Did you know that inmates in the US are being afforded the opportunity to recycle eWaste? The program has been running since 1994, through an arm of the government-run corporation UNICOR which opened its first eWaste 'business' in Florida. Since then, the company’s electronics recycling program has spread to other federal prisons across the country. In 2005 the company recorded $64.5 million in profits; inmates get paid between 23 cents and 1.15 per hour for their services. Dell got nipped a while ago for supporting the practice; they have since discontinued it.

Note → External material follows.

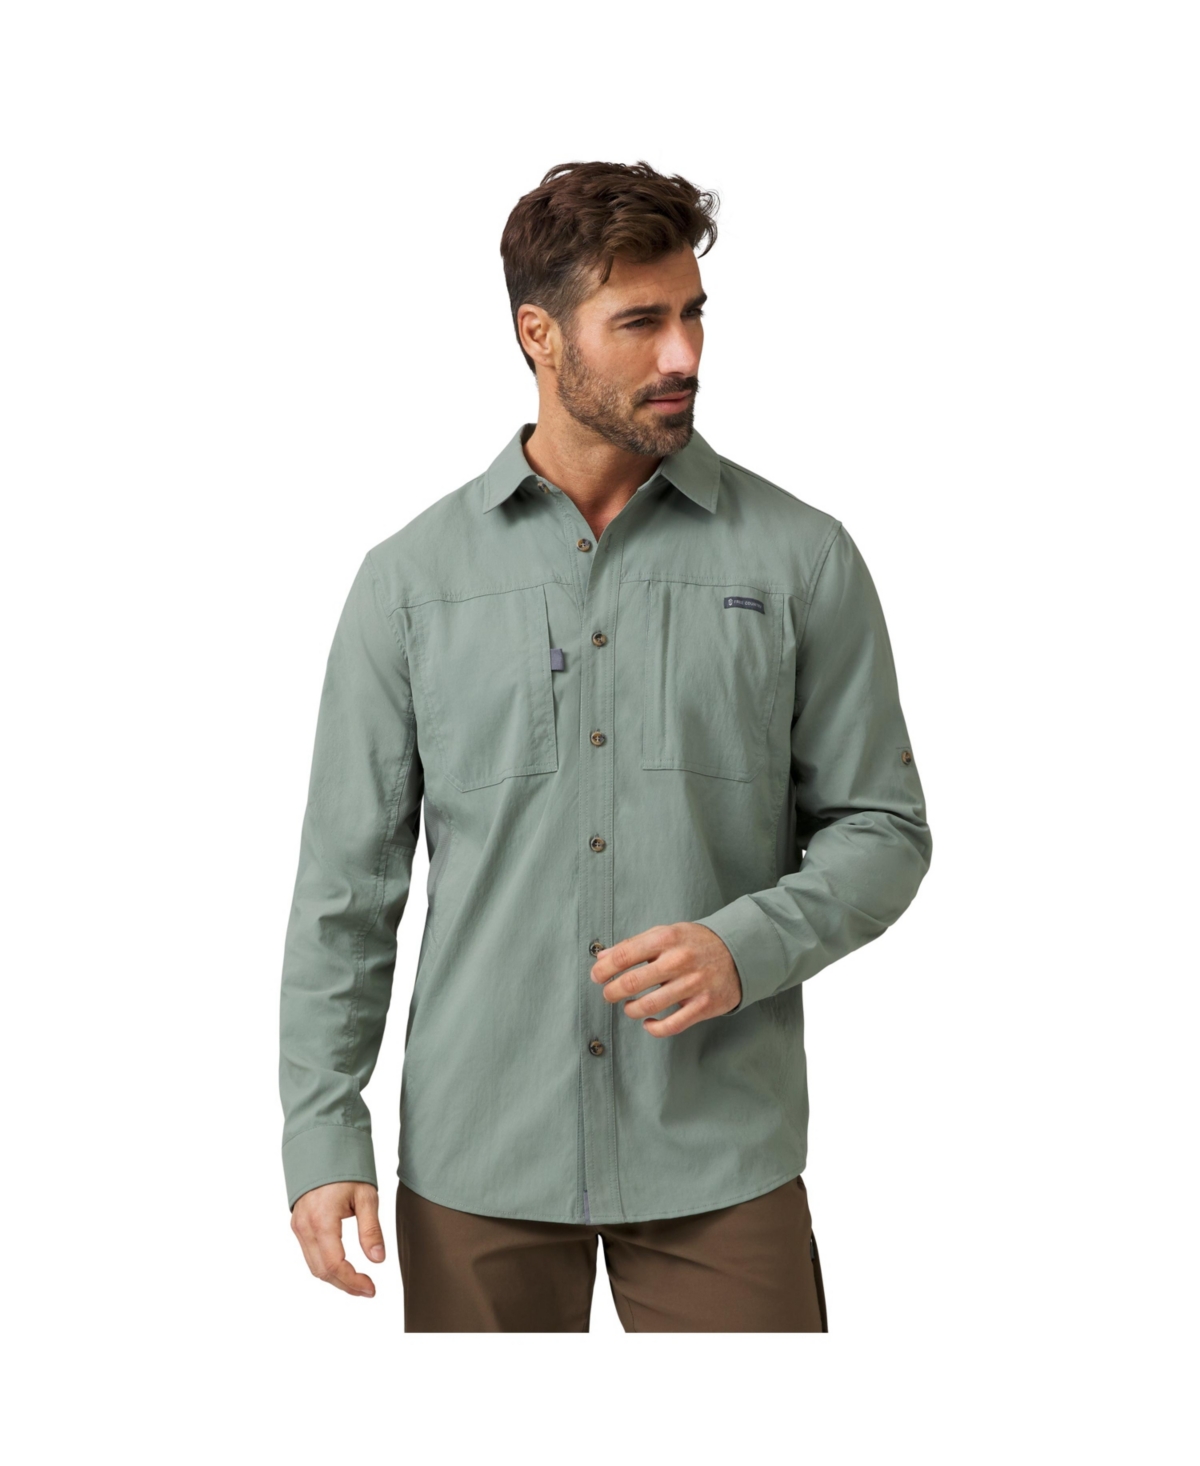 Men's Acadia Long Sleeve Shirt - Dark denim

What do they do? Well, when the program began, the job consisted of raising CRTs over their heads and smashing them down on metal tables to separate the glass from the recyclables. Ultimately inmates might want to reevaluate the risks, which are outlined in a excellent joint report entitled Toxic Sweatshops. In addition, the March 2007 issue of Prison Legal News has picked up on the practice, which suggests, amongst other things, that the program to just there to provide a labor intensive activity to keep inmates quiet. And, as the article reports, inmates are dying from the exposure to the toxic chemicals in the eWaste.


What is most striking is that a baseline has not been established for this type of activity; not in a workplace rulebook, not in a federally mandated guide, but in peoples' minds. Computers are hazardous, they are filled with poisonous chemicals and materials, and need to be treated like poisonous waste. Not like something that can be smashed down on tables by inmates.